Individually, these stories are all fine examples of what a good short story should be. Taken as a whole, this collection blows up your expectations of what writing in Canada is like. The authors of these stories are both well known and, likely, new to some readers. Lisa Moore, Mireille Silcoff, Zsuzsi Gartner, Shashi Bhat, Christy Ann Conlin, Troy Sebastian\nupquʔ ak·ǂam̓, Frankie Barnet and Cathy Stonehouse join relative newcomers Kai Conradi, Adam Dickinson, Elise Levine and Alex Pugsley. Some of the stories are funny, some are touching and some are a nightmare that you will not ever want to read again—but you will remember them all.

~Megan Kuklis


Now in its 49th year, Best Canadian Stories has long championed the short story form and highlighted the work of many writers who have gone on to shape the Canadian literary canon.

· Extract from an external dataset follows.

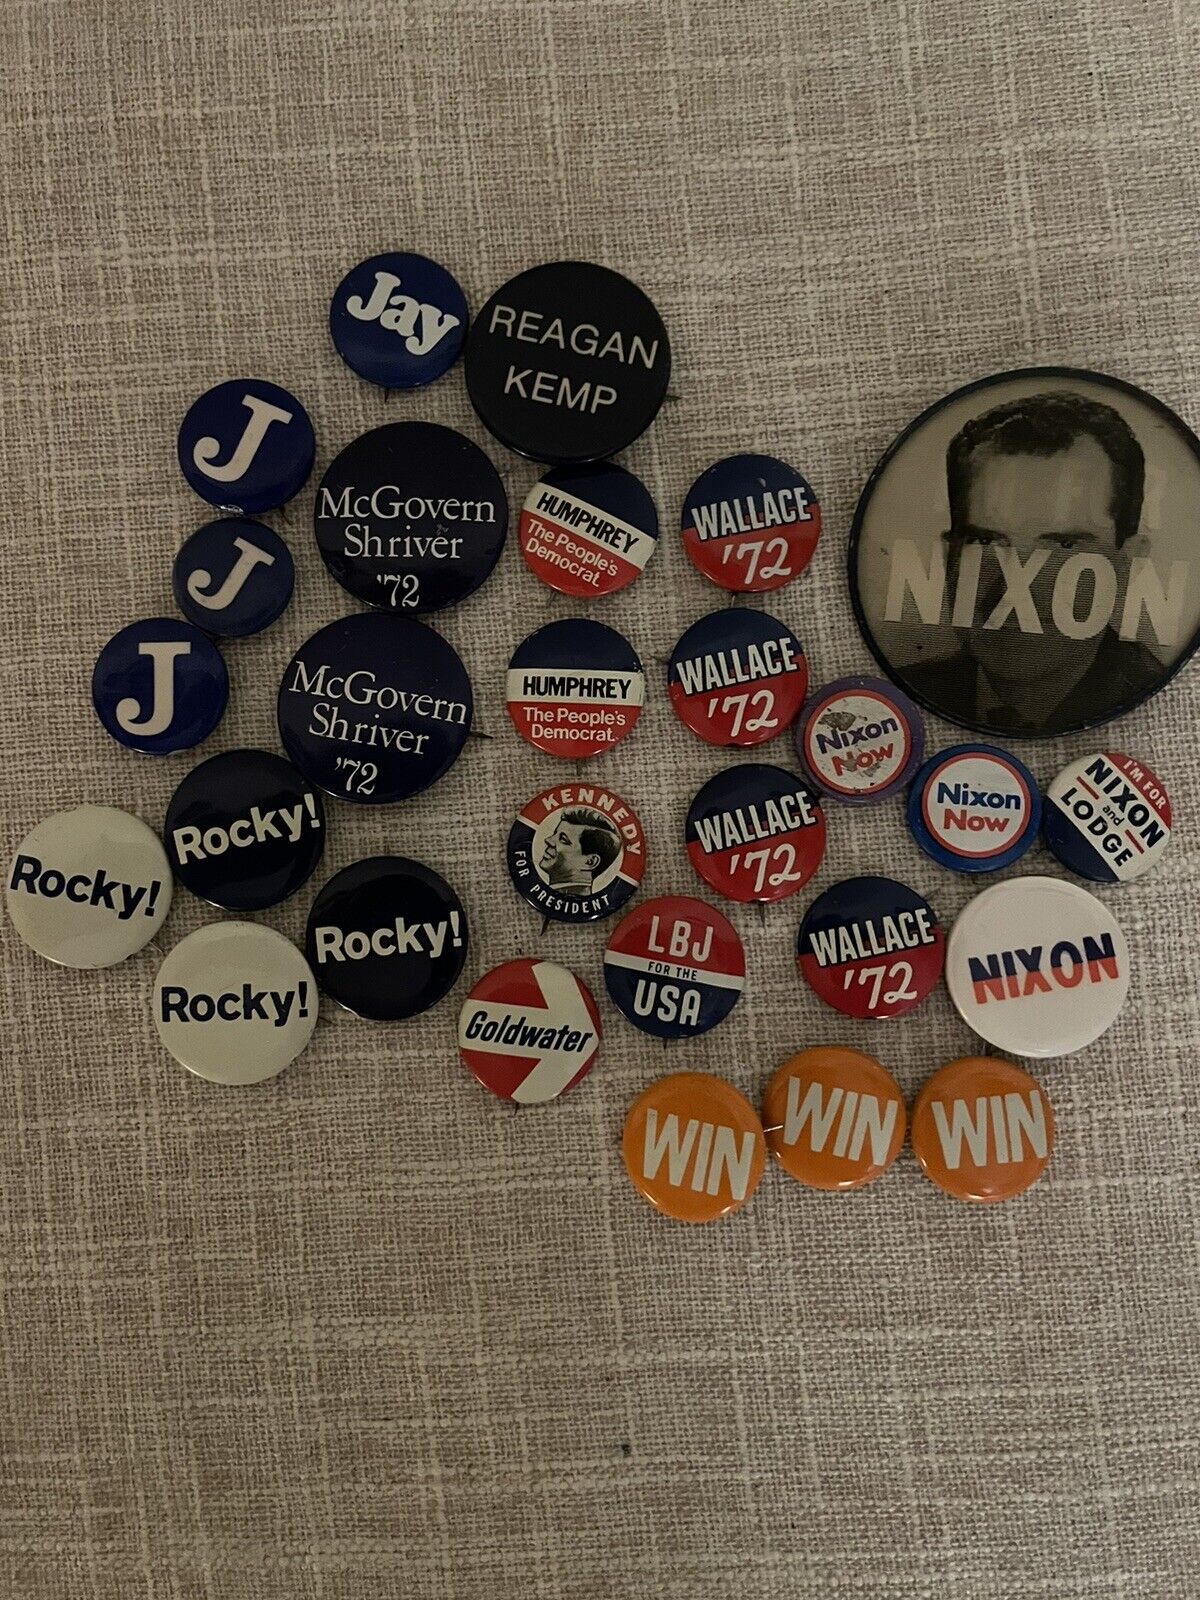 60-70’s Nixon/Kennedy/LBJ/Goldwater/Humphrey/Goldwater/Wallace Campaign Pins

Margaret Atwood, Clark Blaise, Tamas Dobozy, Mavis Gallant, Douglas Glover, Norman Levine, Rohinton Mistry, Alice Munro, Leon Rooke, Diane Schoemperlen, Kathleen Winter, and many others have appeared in its pages over the decades, making Best Canadian Stories the go-to source for what’s new in Canadian fiction writing for close to five decades. Selected by guest editor Caroline Adderson, the 2019 edition draws together both newer and established writers to shape an engaging and luminous mosaic of writing in this country today—a continuation of not only a series, but a legacy in Canadian letters.